Local setup, testing strategies, and development workflow for the topic modeling worker.

Setup

# Install dependencies (requires Python 3.11+)
uv sync
 
# First run downloads LaBSE (~1.8 GB)

Commands

Command	Purpose
`uv sync`	Install/update dependencies
`uv run pytest`	Run test suite
`uv run ruff check src/ tests/`	Lint
`uv run ruff format src/ tests/`	Format
`uv run python test_local.py`	Local smoke test

Testing Strategies

1. Unit Tests (`uv run pytest`)

Standard pytest tests in tests/. Test individual functions in isolation — metric computation, parameter scaling, schema validation, etc.

2. Local Smoke Test (`test_local.py`)

Calls handler() directly with 30 synthetic items and clustered embeddings. Bypasses RunPod entirely.

uv run python test_local.py

What it does:

Generates 30 items with sample multilingual texts
Creates synthetic 768-dim embeddings with 3 artificial clusters (shifted by cluster * 2)
Uses reduced params: min_topic_size=5, nr_topics=3, umap_n_neighbors=10
Prints discovered topics, assignments, outlier count, and metrics

Works on CPU (slow, ~30-60s) or GPU (fast, ~5-10s). First run downloads LaBSE if not cached.

3. Mock Worker (API Integration Test)

The API repo includes a mock worker that returns fake topic modeling results.
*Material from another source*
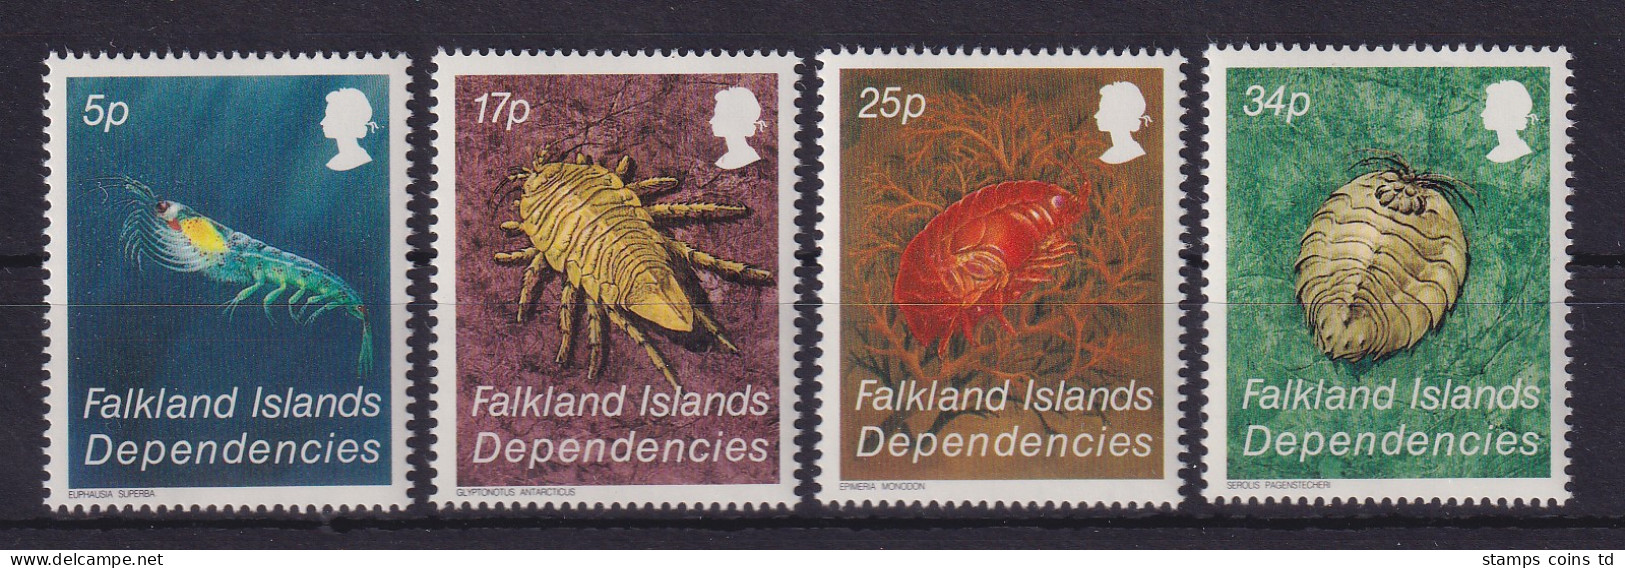 Falkland-Inseln Dependencies 1984 Krebstiere Mi.-Nr. 121-124 Postfrisch ** - Georgia Del Sud

Use this to test the full pipeline flow without running the real BERTopic worker:

cd ../api.faculytics
docker compose up          # starts Redis + mock worker on port 3001

Then set in the API's .env:

TOPIC_MODEL_WORKER_URL=http://localhost:3001/topic-model

The mock worker returns pre-built topics, assignments, and metrics, allowing you to test the TopicModelProcessor's persistence logic, pipeline advancement, and downstream stages (topic labeling, recommendations).

Development Workflow

Schema Sync

The Pydantic models in src/models.py must match the Zod schemas in:

api.faculytics/src/modules/analysis/dto/topic-model-worker.dto.ts

When changing request/response shapes:

Update the Pydantic models in src/models.py
Update the Zod schemas in the API's topic-model-worker.dto.ts
Verify alignment by running the API's mock worker tests

All Pydantic models use ConfigDict(extra="ignore") — extra fields in the request (like jobId, metadata, publishedAt) are silently dropped during validation, keeping the worker decoupled from envelope format changes.

Code Style

Formatter: Ruff with line-length = 100
Lint rules: E (pycodestyle), F (pyflakes), I (isort), UP (pyupgrade)
Target: Python 3.11